Por que filmes devem ser vistos no cinema

Não seja aquele cara chato que só quer assistir filmes no cinema “por que sim”. Aqui estão dois argumentos irrefutáveis.



Muito se fala sobre como a maneira de se consumir conteúdo mudou nos últimos 20 anos. TVs, computadores, tablets, e até mesmo celulares são usados como tela para se assistir filmes. Mas por que devemos nos preocupar em assistir filmes no cinema, ao invés de espera-los sair em DVD, Blu-ray, streaming, ou download?

No livro A Narrativa Visual, de Bruce Block, nós, pupilos de cinema, somos educados a usar conceitos que pretendem causar emoções específicas a quem assiste. O espectador que não é atingido pelo artifício que um diretor usa é considerado um espectador que não usufruiu de todos os aspectos emocionais proporcionados pelo filme. Ou, um espectador que não aproveitou tudo o que o filme pretende dar.

Tendo explicado esse aspecto, abro caminho para apresentar dois artifícios cinematográficos que perdem suas qualidades quando a obra é assistida em dispositivos com telas pequenas: o espaço aberto e o continuum de movimento.

Espaço aberto


Telas têm molduras que limitam a quantidade de imagem que o espectador vê. Numa sala se cinema, essa moldura é o fim do pano branco onde é projetada a imagem. Num televisor, é o material que envolve a área onde se coloca o LCD ou LED. Essas molduras criam uma janela bidimensional. Porém, alguns movimentos dentro de uma tomada podem excluir essa moldura.

Por exemplo, se numa tomada vista de cima (pino ou plongée) todos os objetos, inclusive o que determina o ponto de atenção do espectador, estiverem se movimentando no mesmo sentido, os limites da tela se mantém, pois se torna óbvia suas limitações. O espectador está sob controle de todo o quadro. Mas se, por exemplo, o objeto de interesse estiver fixo no centro, e os outros objetos a sua volta estiverem se movendo aleatoriamente e multidirecionalmente dentro da tomada, os limites da tela se tornam imperceptíveis, criando assim o espaço aberto. A visão periférica do olho humano não é suficiente para delimitar a área da tela, já que a atenção se mantém em apenas um ponto dela.

Apesar de fisicamente impossível, ainda assim a Millennium Falcon viaja na velocidade da luz. O rastro de estrelas criado pelo movimento da nave faz com que o a atenção se fixe no caminho à frente, dominando virtualmente as linhas da moldura e expandindo o espaço para fora do quadro.

Numa tela de celular, é impossível criar tal aspecto. Por menor que seja o objeto de interesse na tela, a atenção do espectador ainda está sob toda superfície dela, e não especificamente direcionada a um ponto. Isso acaba desqualificando a imersão pretendida pelo diretor, uma imersão que pode significar diversas coisas dentro da narrativa e que se não atingida, pode atrapalhar no engajamento emocional do espectador.

Continuum de movimento

Grade de Continuum.

Digamos que, numa cena de suspense, o mocinho se encontre no quadrante numero 1 da grade de continuum. Se o vilão se movimentar no quadrante número 7, o ponto de atenção do espectador se deslocará, criando contraste na tomada e, assim, dando intensidade à cena. Se você já jogou aquele jogo de arcade onde você deve martelar os jacarés que saem de diversas tocas ao mesmo tempo, então você está familiarizado com a intensidade criada pela mudança do ponto de atenção dentro de um espaço determinado. Esse é o continuum de movimento.

Enquanto prestamos atenção no banho da mocinha (pervertidos!), o vilão se movimenta em outro quadrante da grade de continuum, criando intensidade numa das cenas mais icônicas do cinema.

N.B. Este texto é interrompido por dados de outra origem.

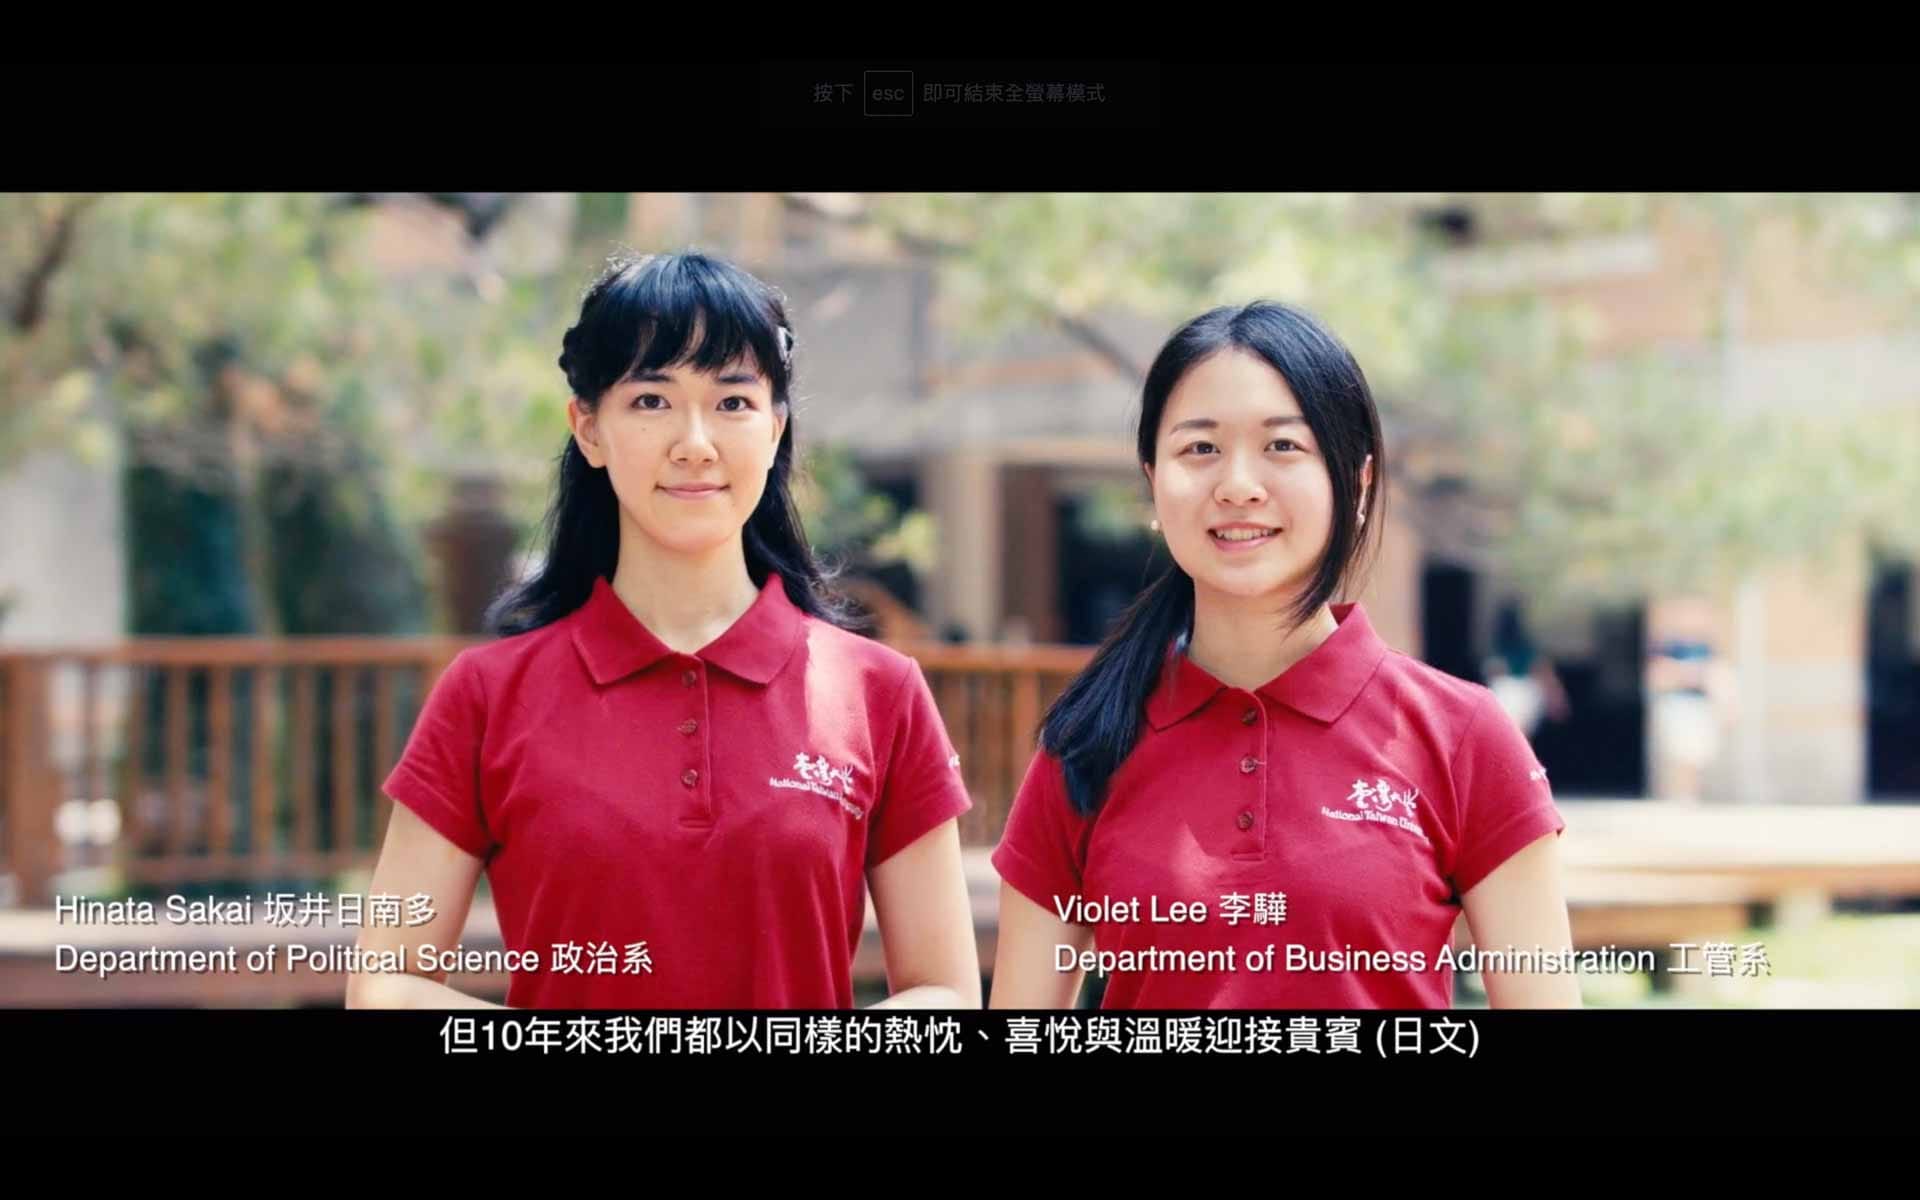 【形象影片】2017 國立台灣大學禮賓學生

Numa tela de celular, a grade de continuum se limita a apenas um grande quadrante, excluindo a ação desse artifício de direção. É possível até que a cena hipotética descrita no parágrafo anterior pareça boba, já que não haverá qualquer emoção causada no espectador que justifique o suspense que tenta ser apresentado.

Apesar de ser quase impossível recriar o ambiente de uma sala de cinema, talvez uma iluminação controlada e apropriada, junto com distâncias limitadas, possa permitir que os aspectos descritos nesse texto sejam honrados ao se assistir um filme em dispositivos como TVs, computadores, tablets e celulares. Porém, levando em consideração que argumentos para se assistir filmes nesses dispositivos sejam baseados apenas em conveniência, tempo, e conforto; é quase sempre aconselhável que filmes se restrinjam a salas de cinema ou ambientes de televisão apropriados.

Obs: obviamente, assistir a um filme num celular é melhor que não assistir a um filme. Então, considere todos esses argumentos se você realmente se importar com a linguagem e a narrativa de um filme a ponto de sair de casa. E, é claro, se você tem condições financeiras para assistir tudo da melhor maneira possível.